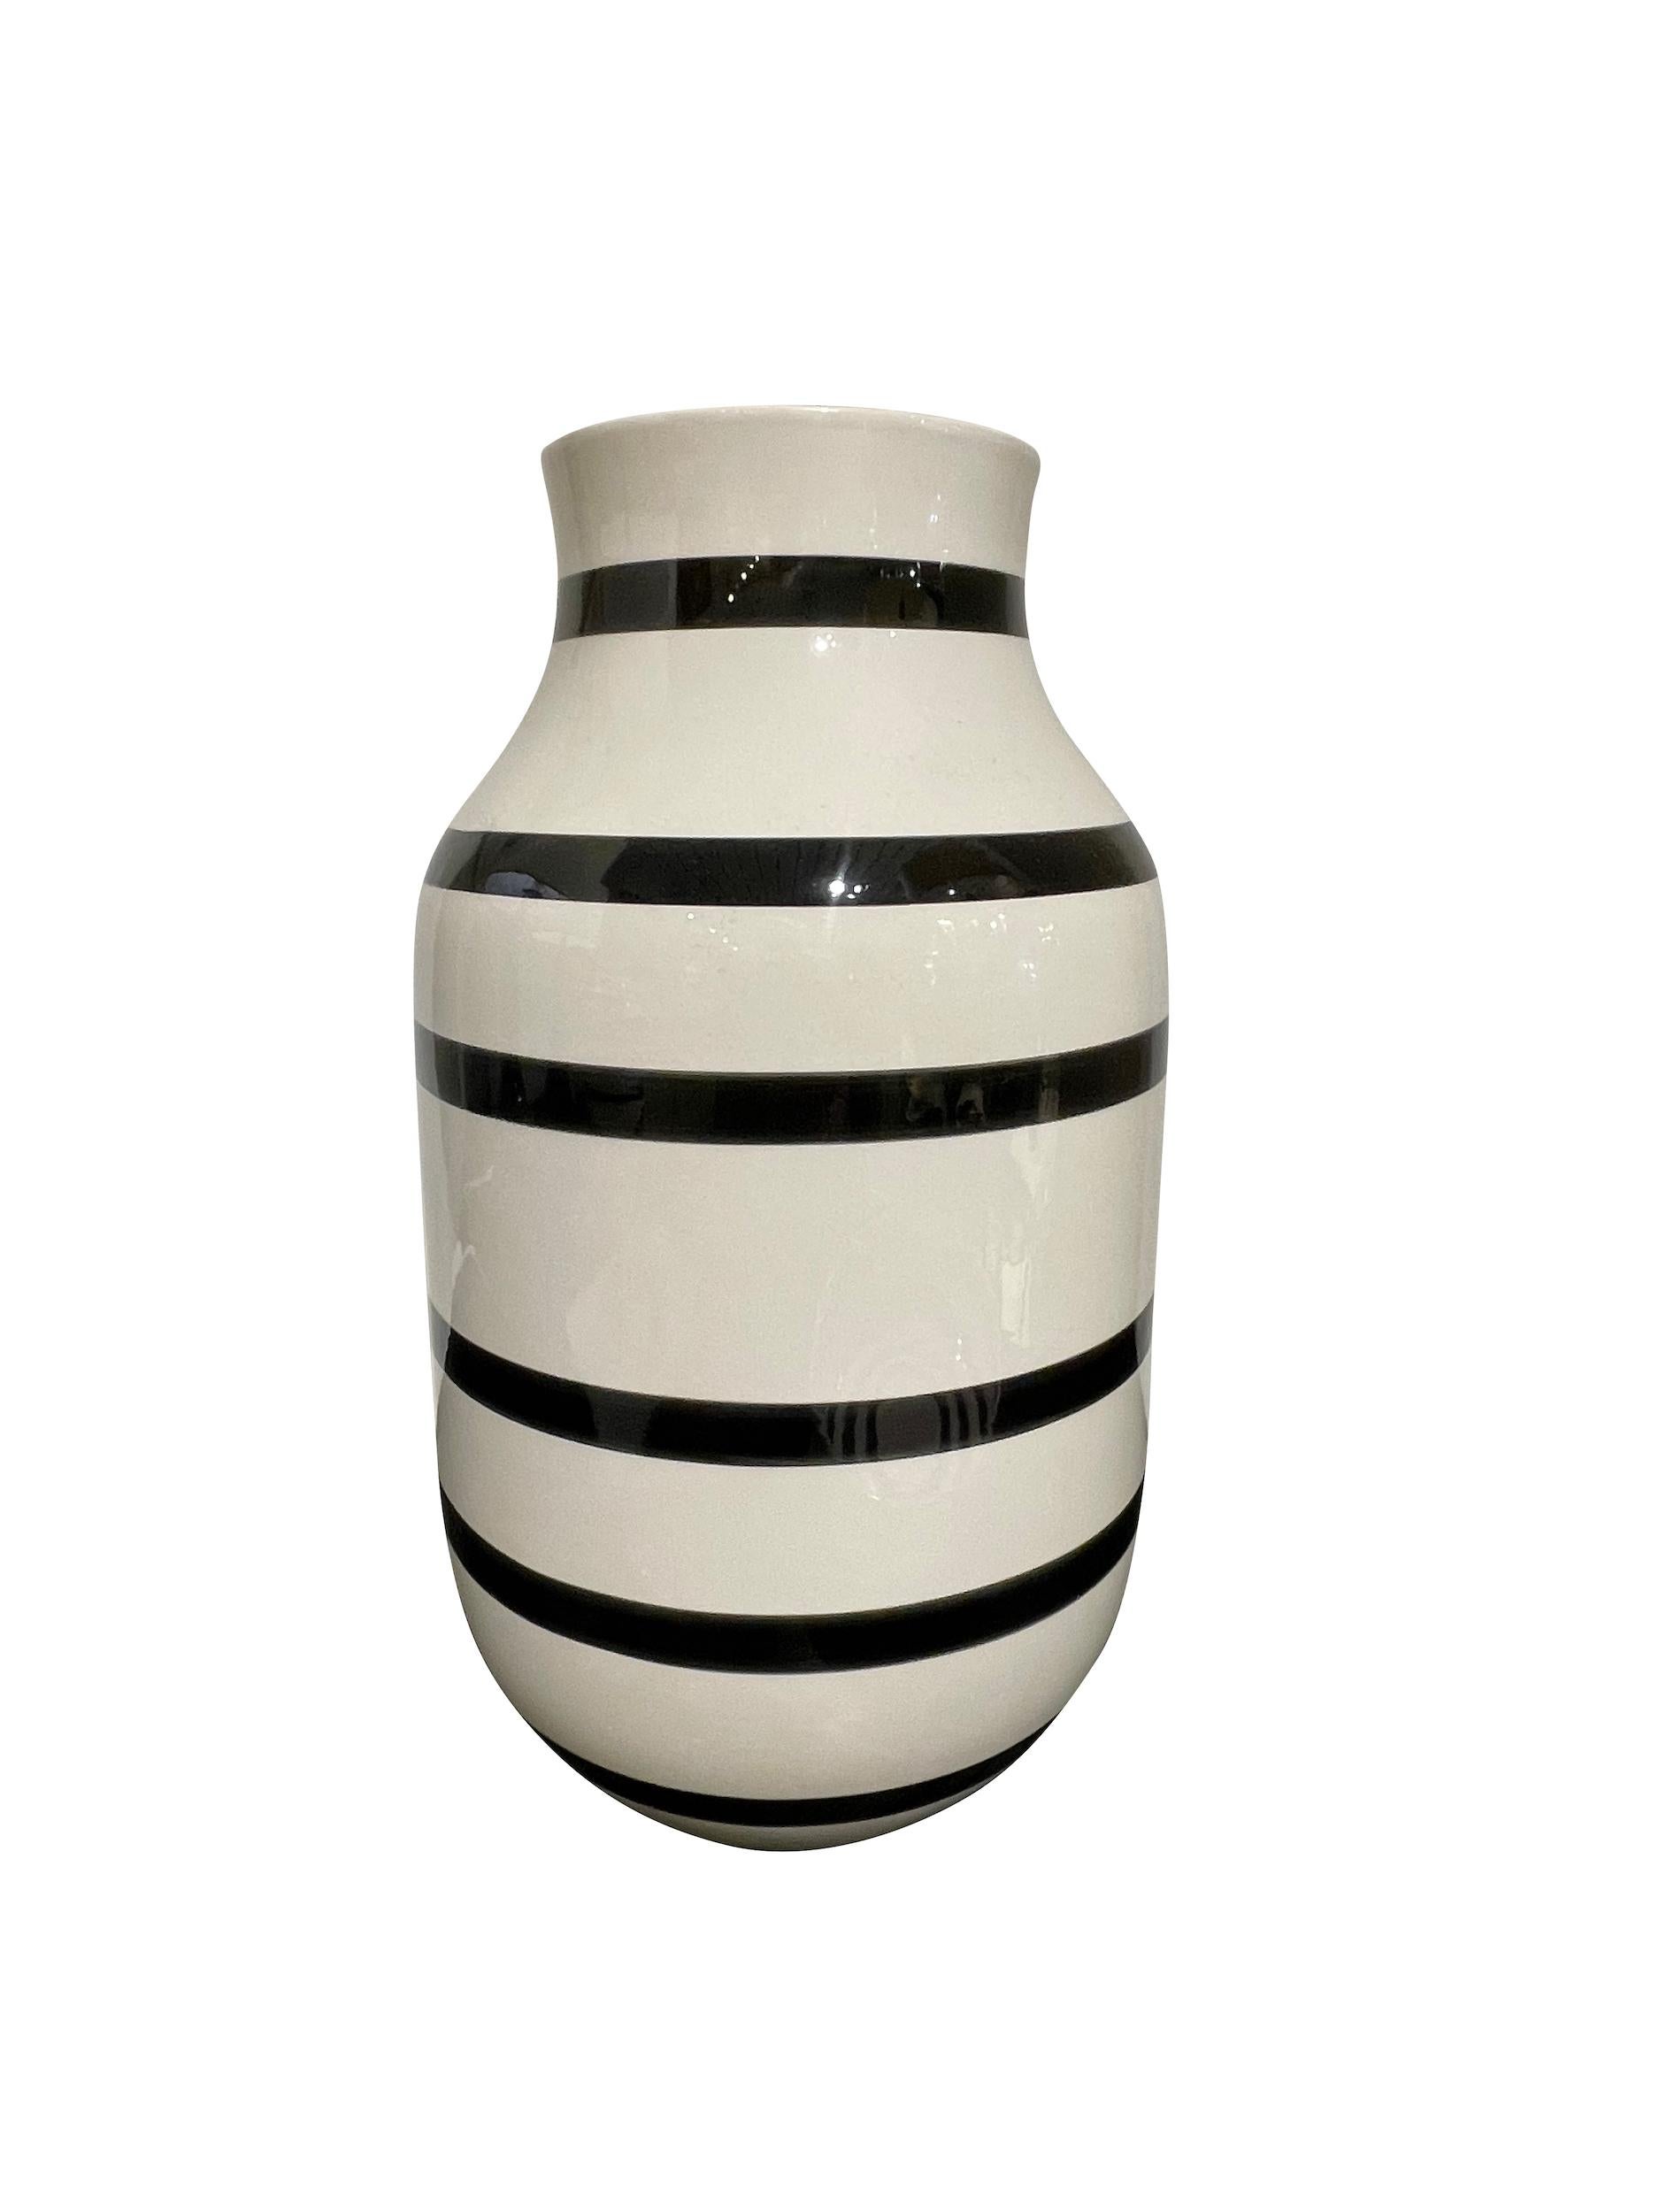 Mid century Danish horizontal stripe vase.
Cream ground with black stripes.
Can hold water.
ARRIVING AUGUST

──────

Line by line, write out the data above exactly, without the pictures.

# Answer to this task
 Mid century Danish horizontal stripe vase.
Cream ground with black stripes.
Can hold water.
ARRIVING AUGUST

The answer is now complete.